* _EXERCISE_
Take the material below and extract the lines from the one with "Képek - Mizo" through the one with "Der Ball ist", word for word, without pictures.

* _RECORDS TO PROCESS_
BEGIN
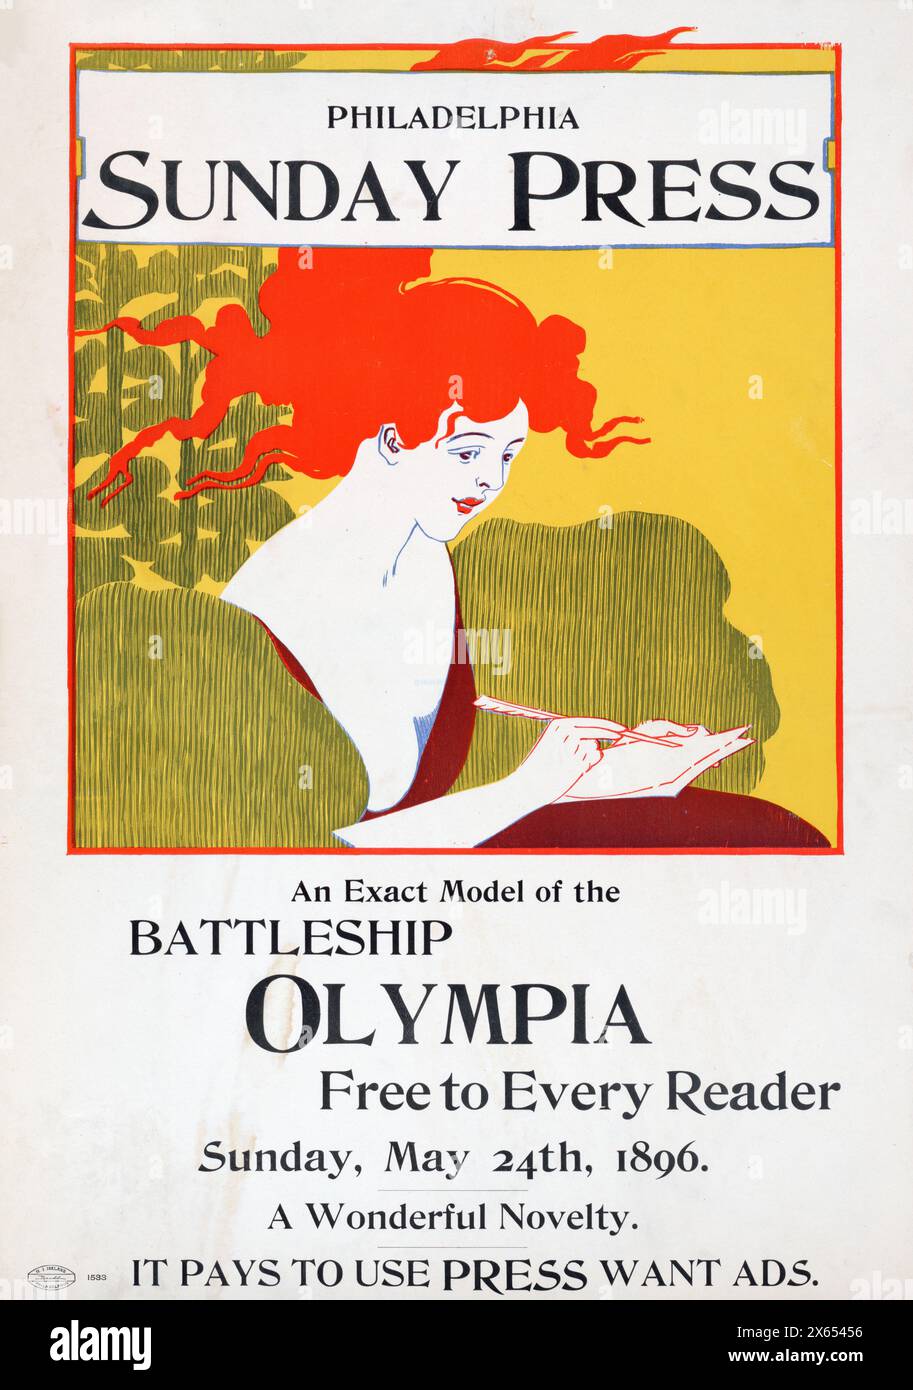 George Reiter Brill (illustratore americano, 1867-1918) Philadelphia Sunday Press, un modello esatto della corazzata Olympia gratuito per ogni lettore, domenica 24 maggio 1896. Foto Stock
END
BEGIN
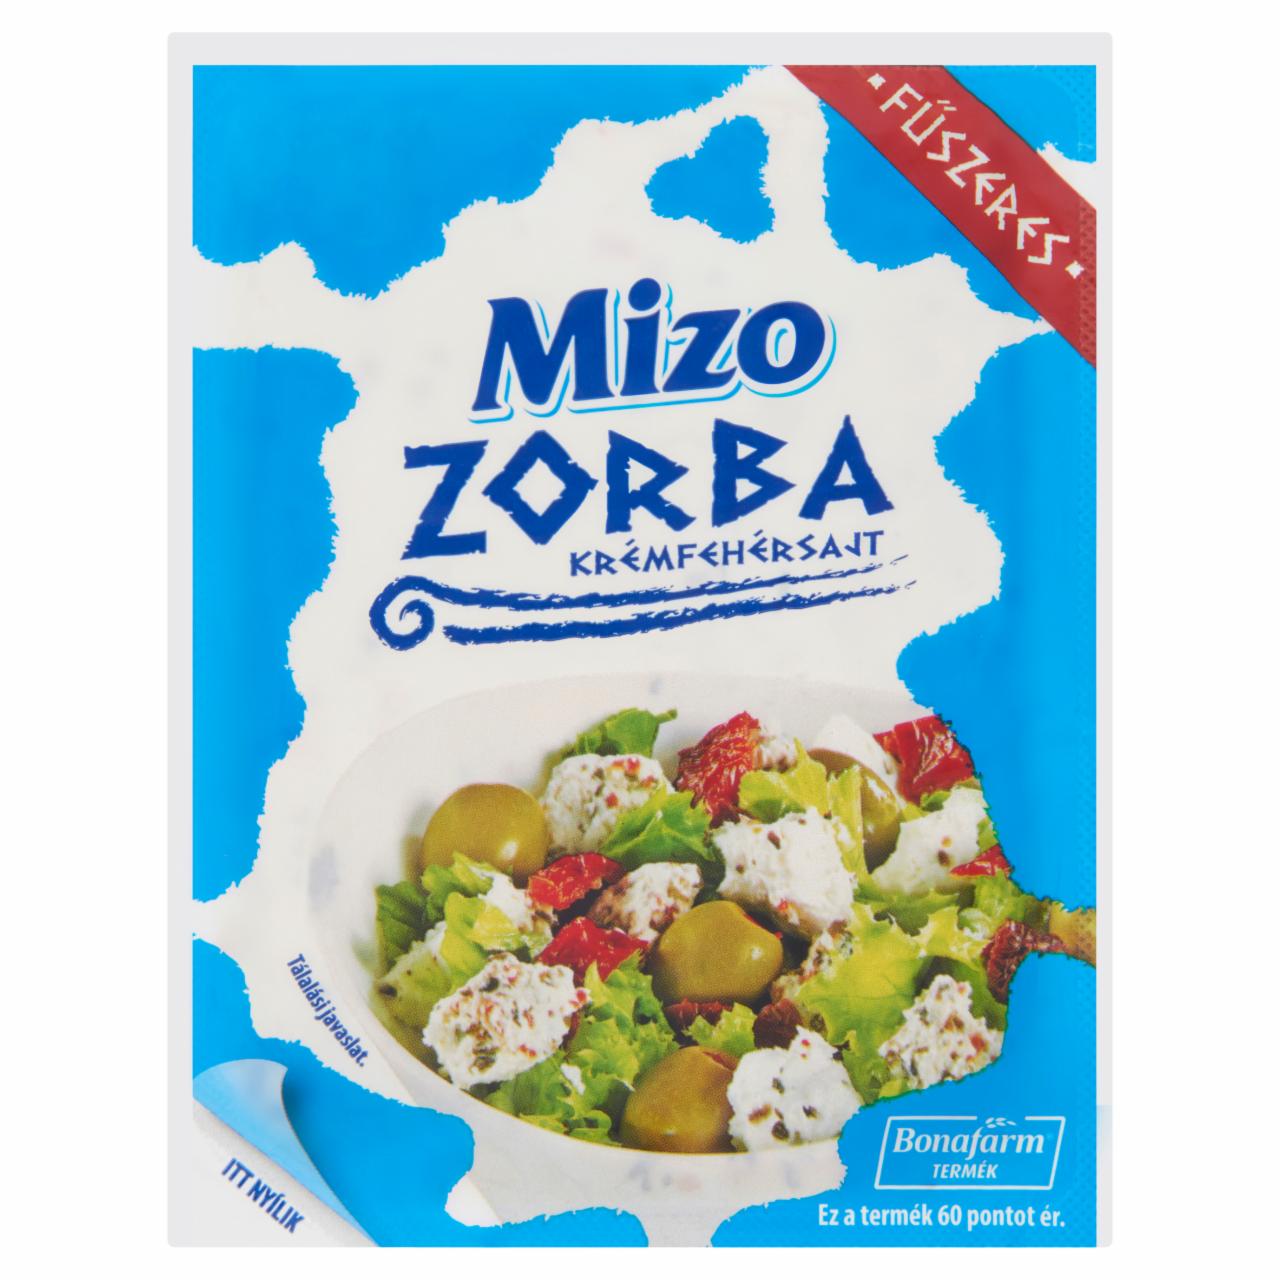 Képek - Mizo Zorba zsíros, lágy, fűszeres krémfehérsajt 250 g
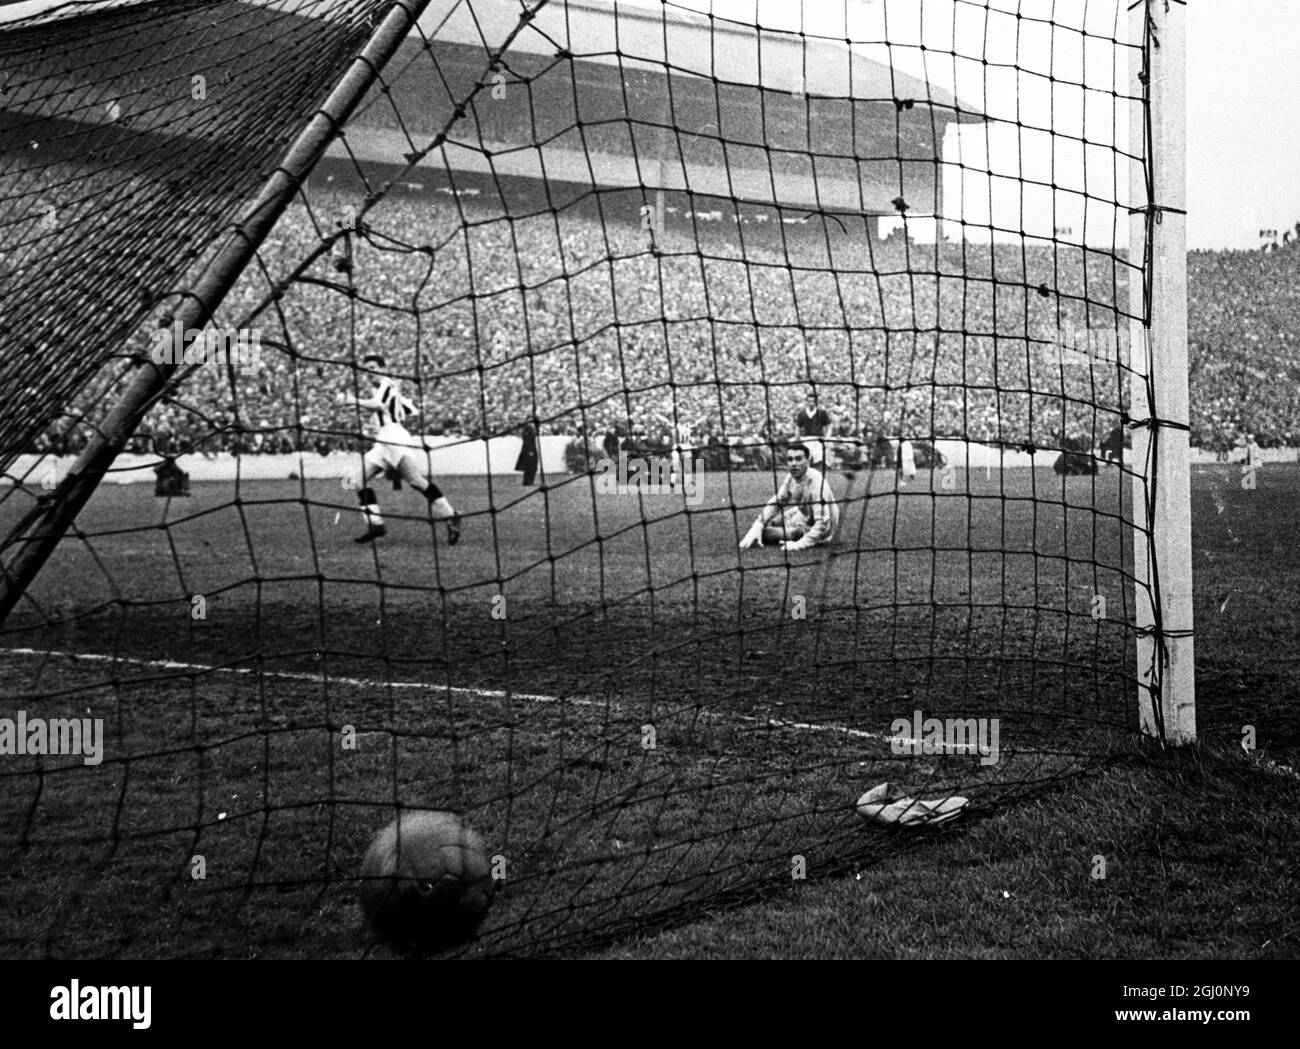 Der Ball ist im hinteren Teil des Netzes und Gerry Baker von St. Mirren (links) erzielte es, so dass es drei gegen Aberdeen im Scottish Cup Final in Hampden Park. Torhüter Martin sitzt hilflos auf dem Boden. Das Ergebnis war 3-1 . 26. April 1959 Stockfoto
END
* _COMPLETED EXERCISE_
 Képek - Mizo Zorba zsíros, lágy, fűszeres krémfehérsajt 250 g
 Der Ball ist im hinteren Teil des Netzes und Gerry Baker von St. Mirren (links) erzielte es, so dass es drei gegen Aberdeen im Scottish Cup Final in Hampden Park. Torhüter Martin sitzt hilflos auf dem Boden. Das Ergebnis war 3-1 . 26. April 1959 Stockfoto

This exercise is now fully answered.